* **Given records**:

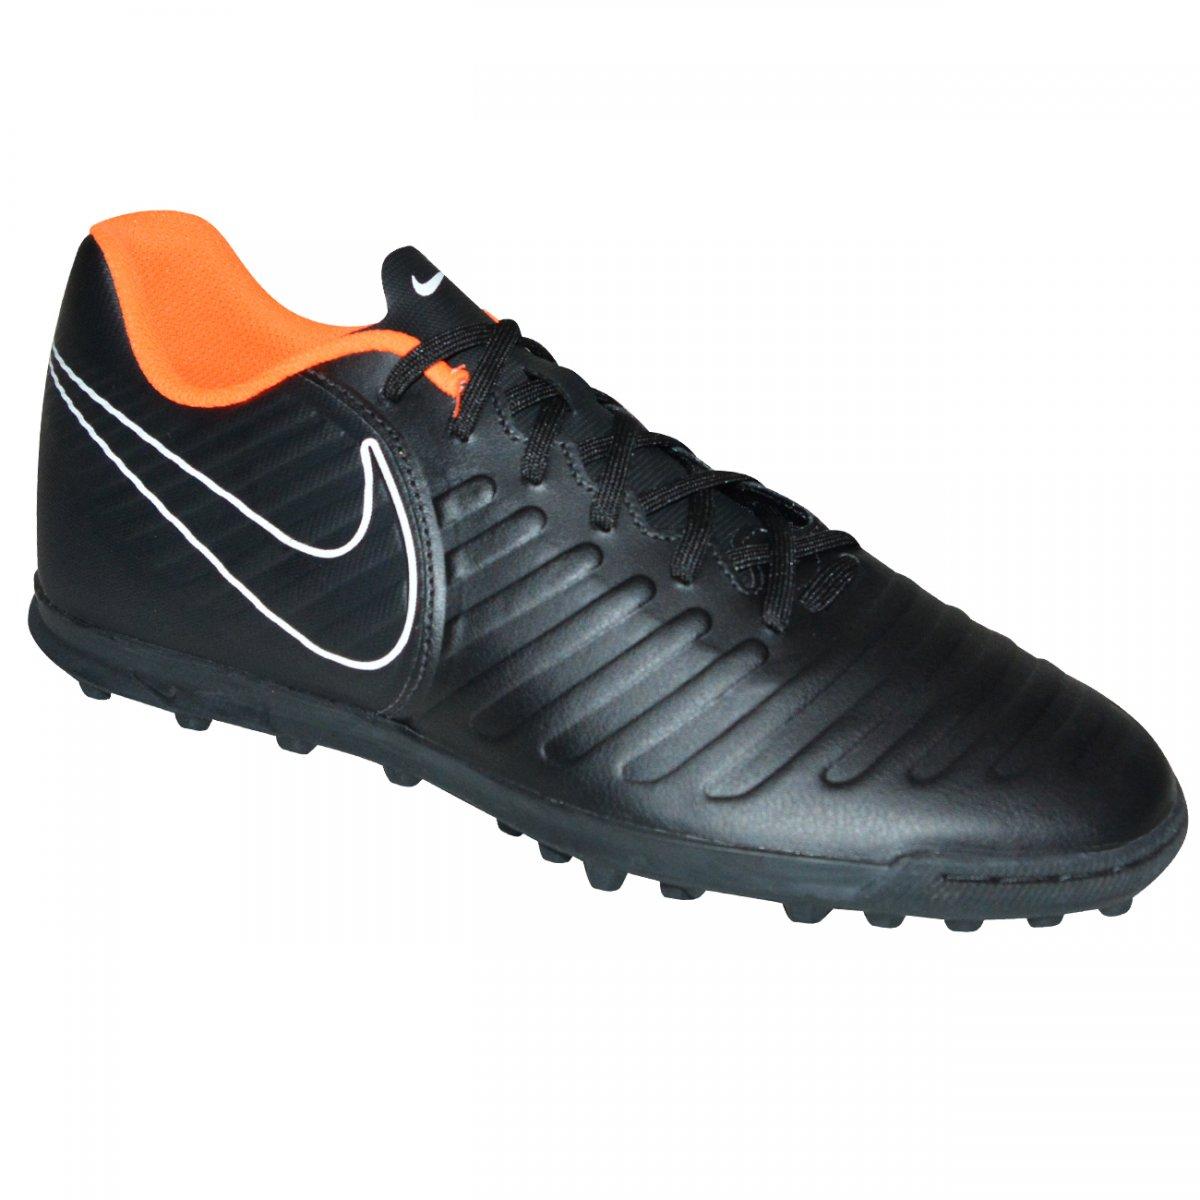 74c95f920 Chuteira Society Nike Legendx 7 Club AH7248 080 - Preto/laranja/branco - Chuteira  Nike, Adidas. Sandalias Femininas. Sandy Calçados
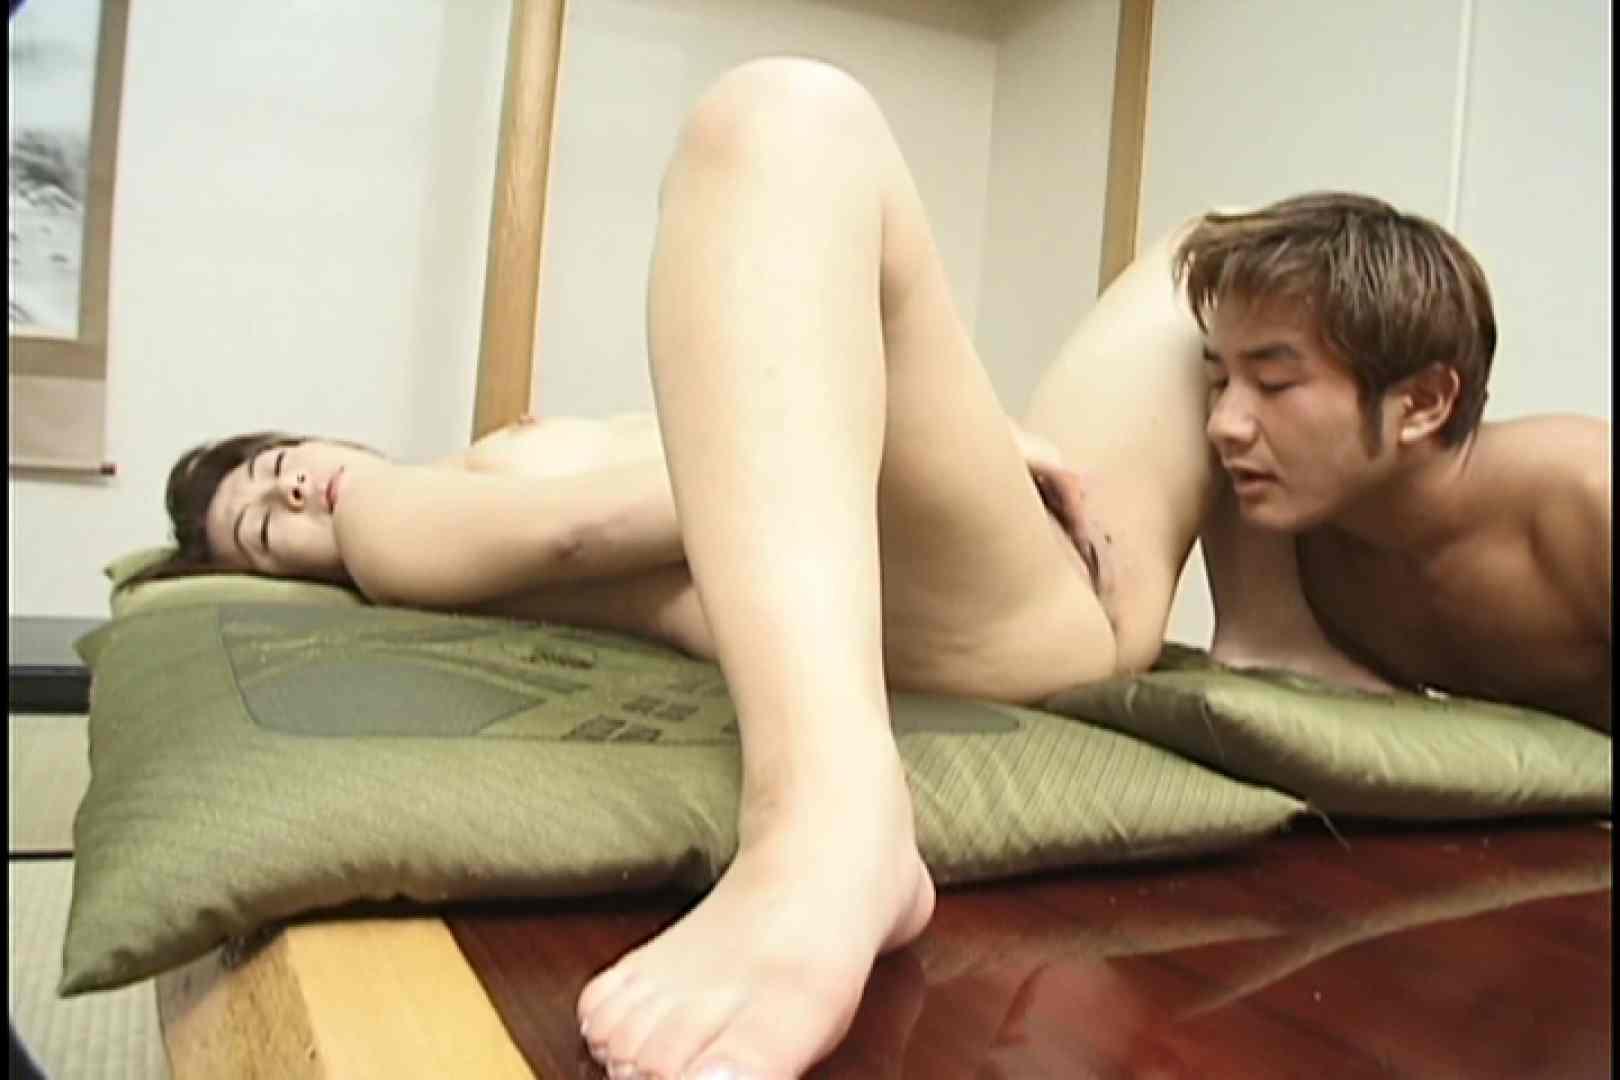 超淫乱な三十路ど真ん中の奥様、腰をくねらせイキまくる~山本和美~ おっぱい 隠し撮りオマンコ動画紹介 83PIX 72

--

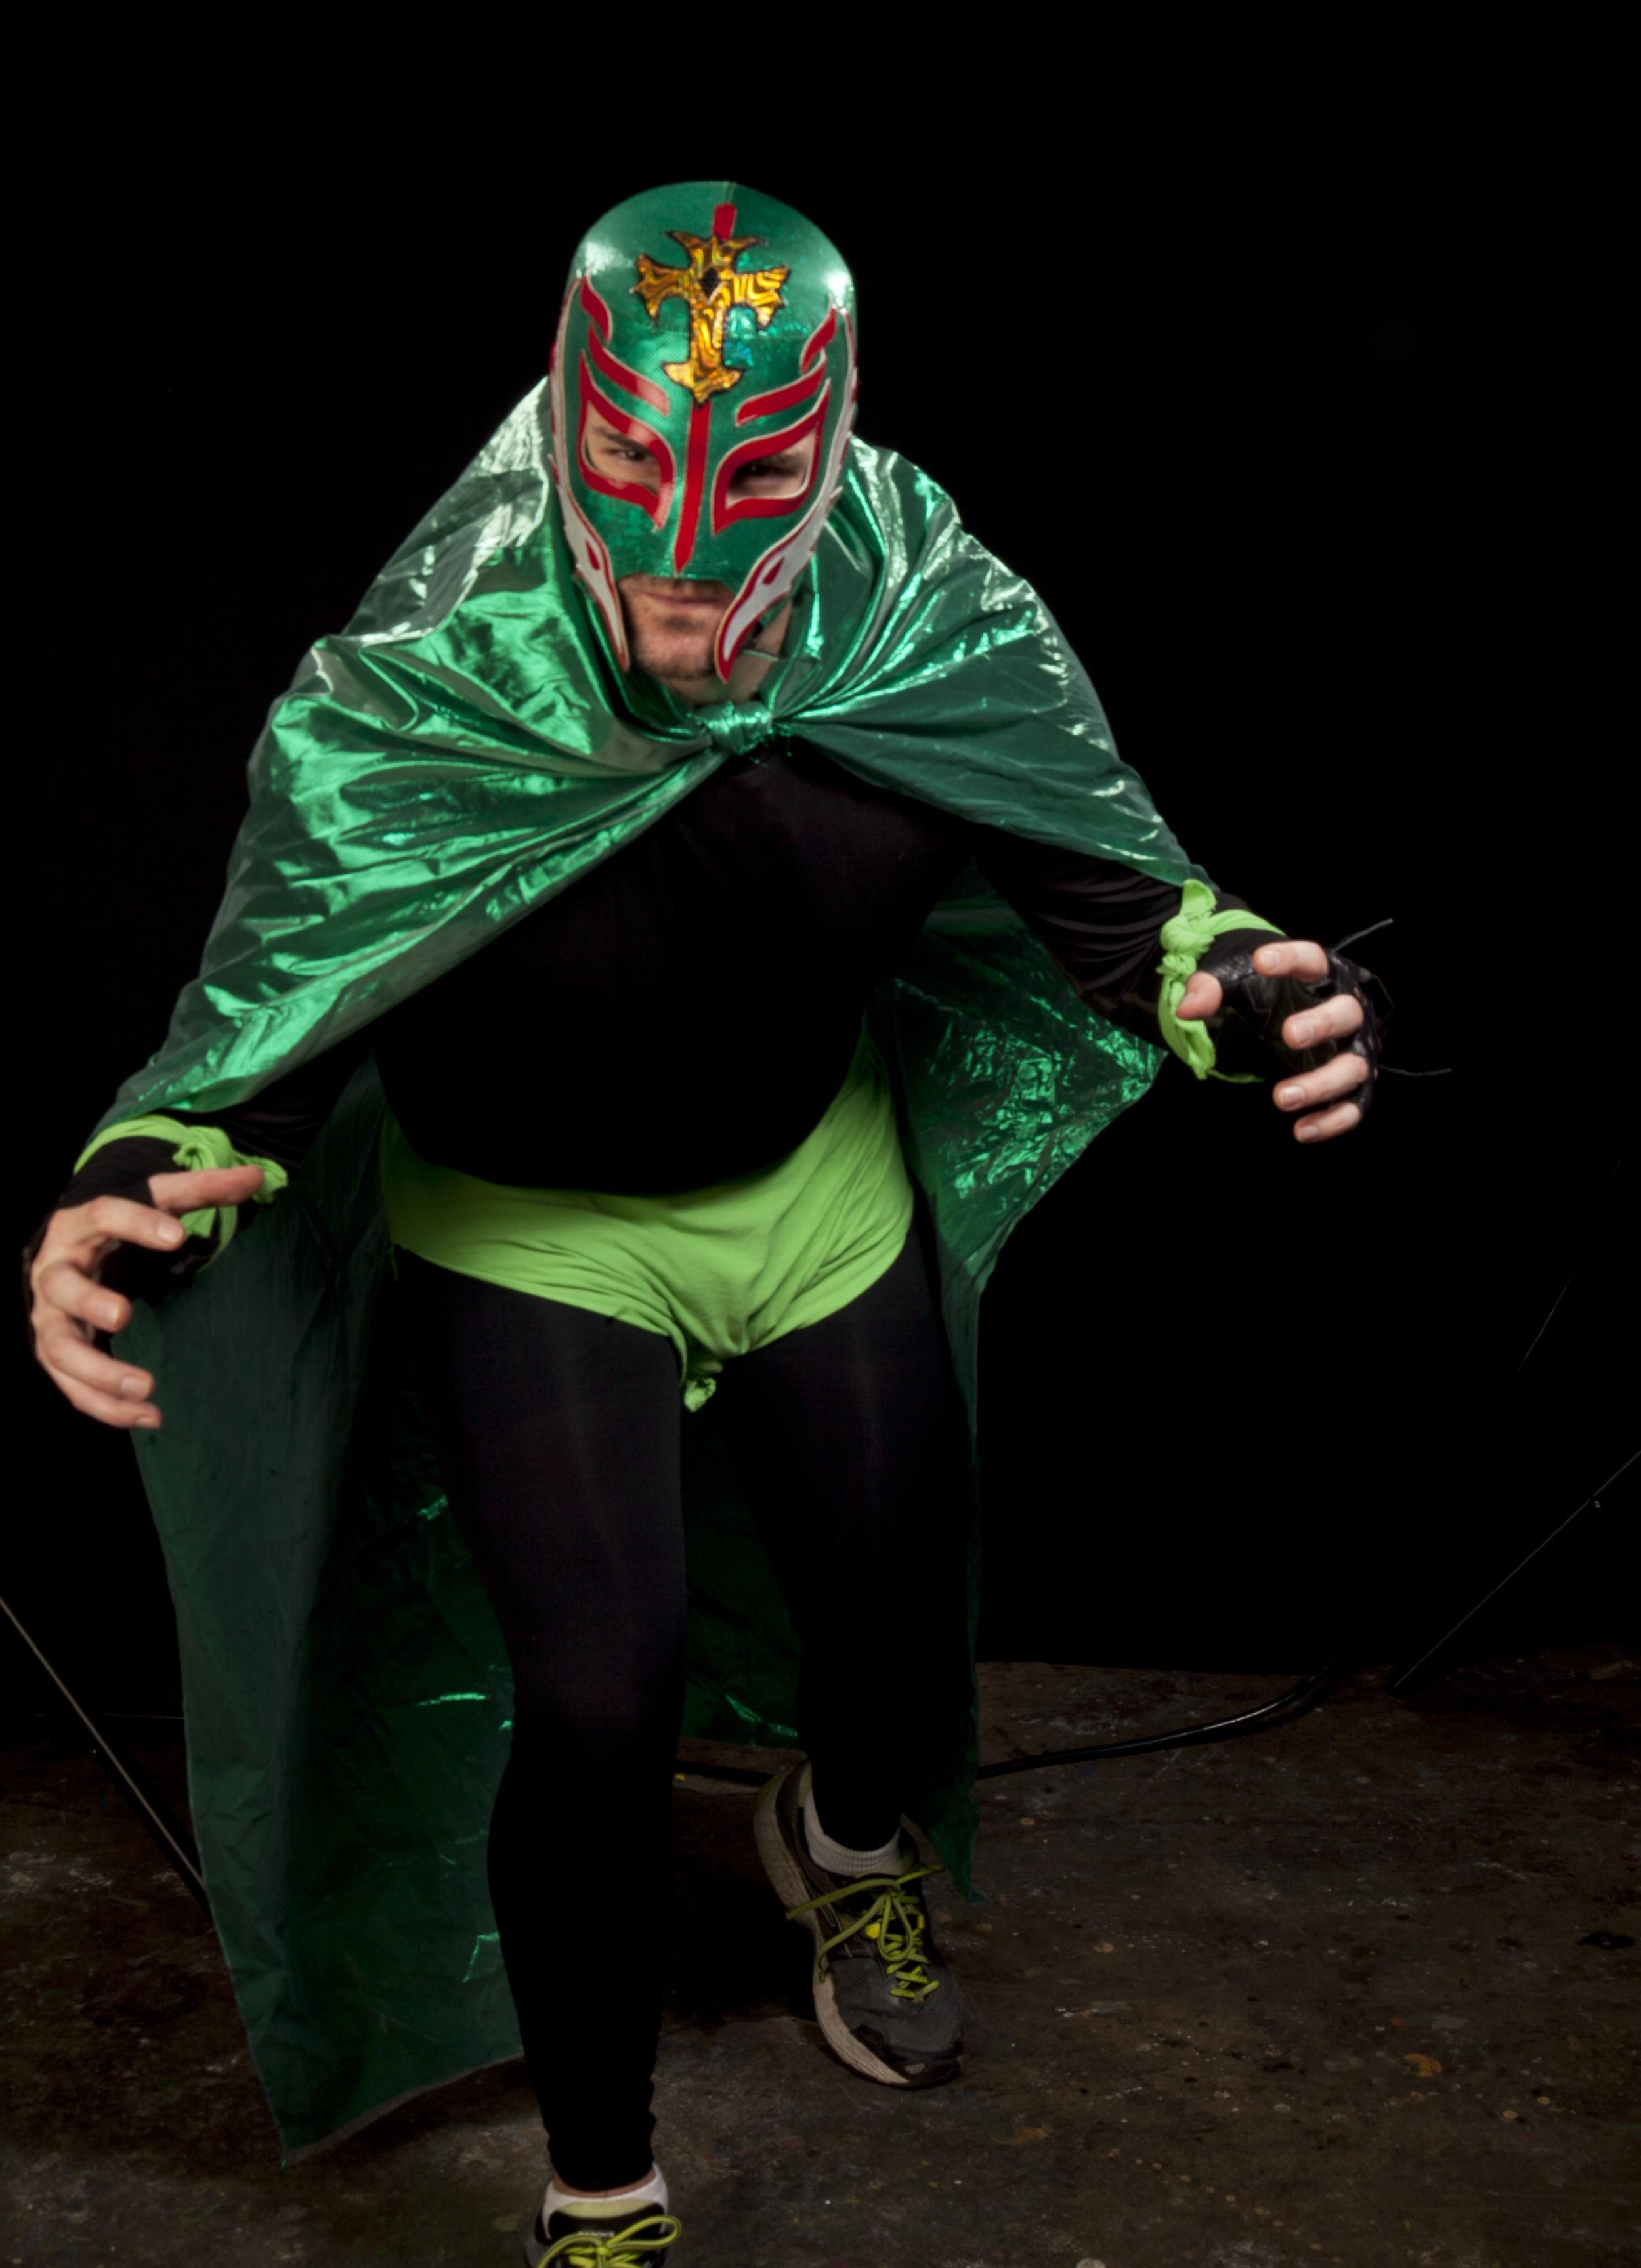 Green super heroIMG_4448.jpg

...

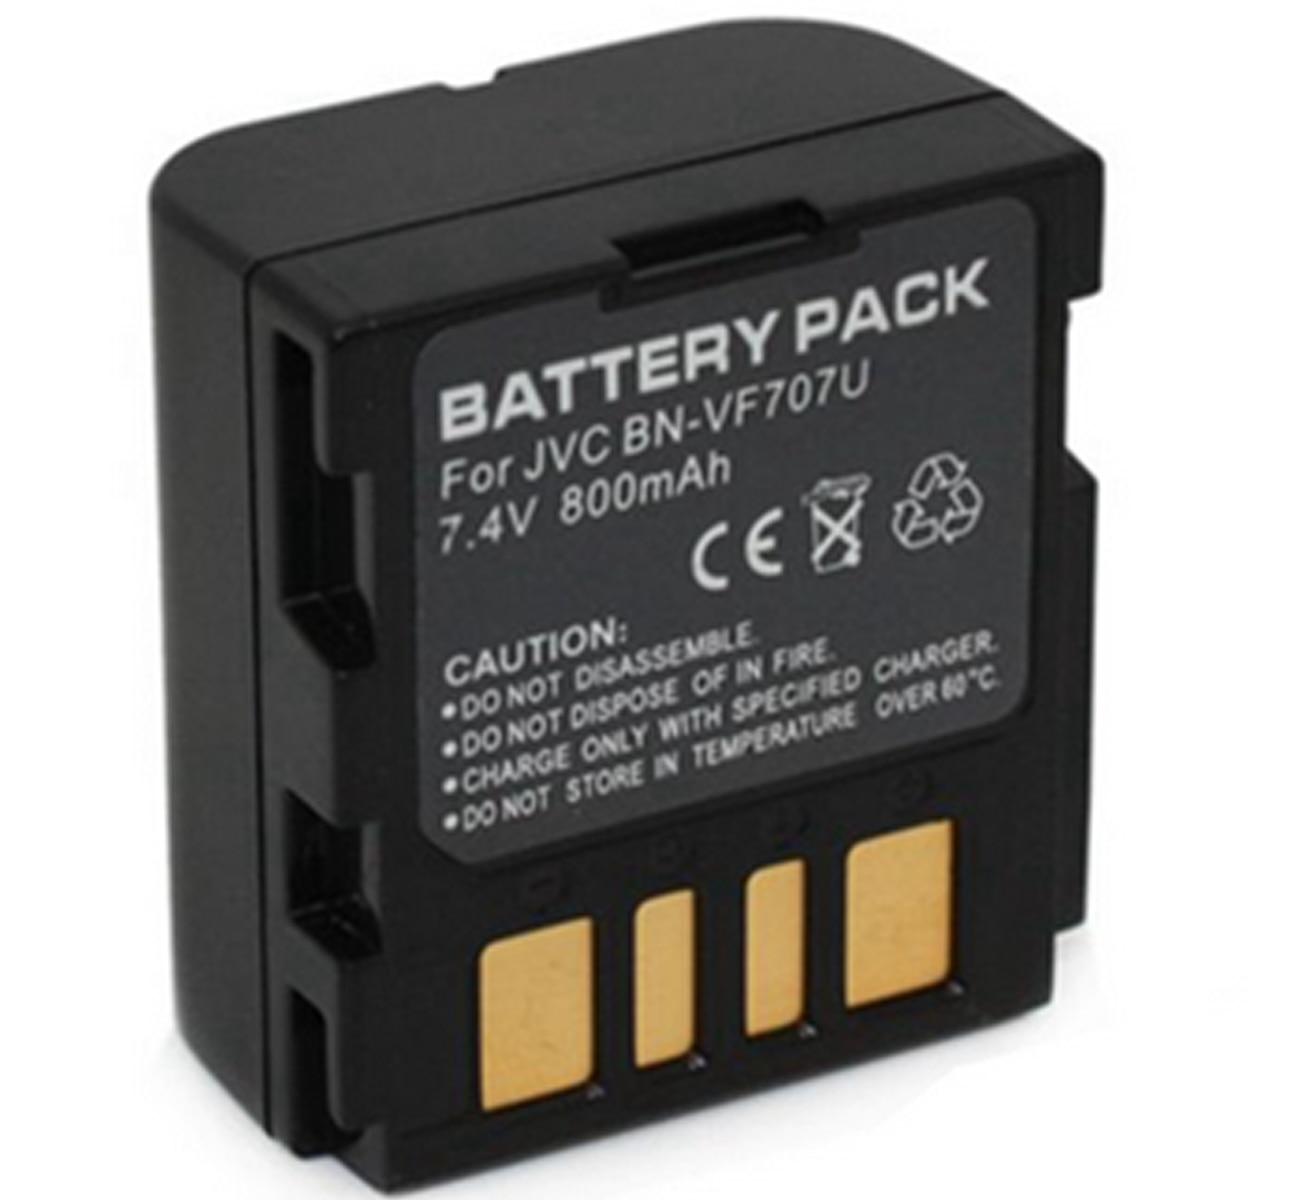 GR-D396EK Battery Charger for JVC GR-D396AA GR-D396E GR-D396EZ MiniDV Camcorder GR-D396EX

* **Task instructions**:
Look above for the line with "74c95f920 Chuteira Society", then print it and each line after it down to and including the line with "超淫乱な三十路ど真ん中の奥様、腰をくねらせイキまくる~山本和美~ おっぱい 隠し撮りオマンコ動画紹介". Leave out the pictures and keep the wording exact.

* **Solution to the problem**:
 74c95f920 Chuteira Society Nike Legendx 7 Club AH7248 080 - Preto/laranja/branco - Chuteira  Nike, Adidas. Sandalias Femininas. Sandy Calçados
 超淫乱な三十路ど真ん中の奥様、腰をくねらせイキまくる~山本和美~ おっぱい 隠し撮りオマンコ動画紹介 83PIX 72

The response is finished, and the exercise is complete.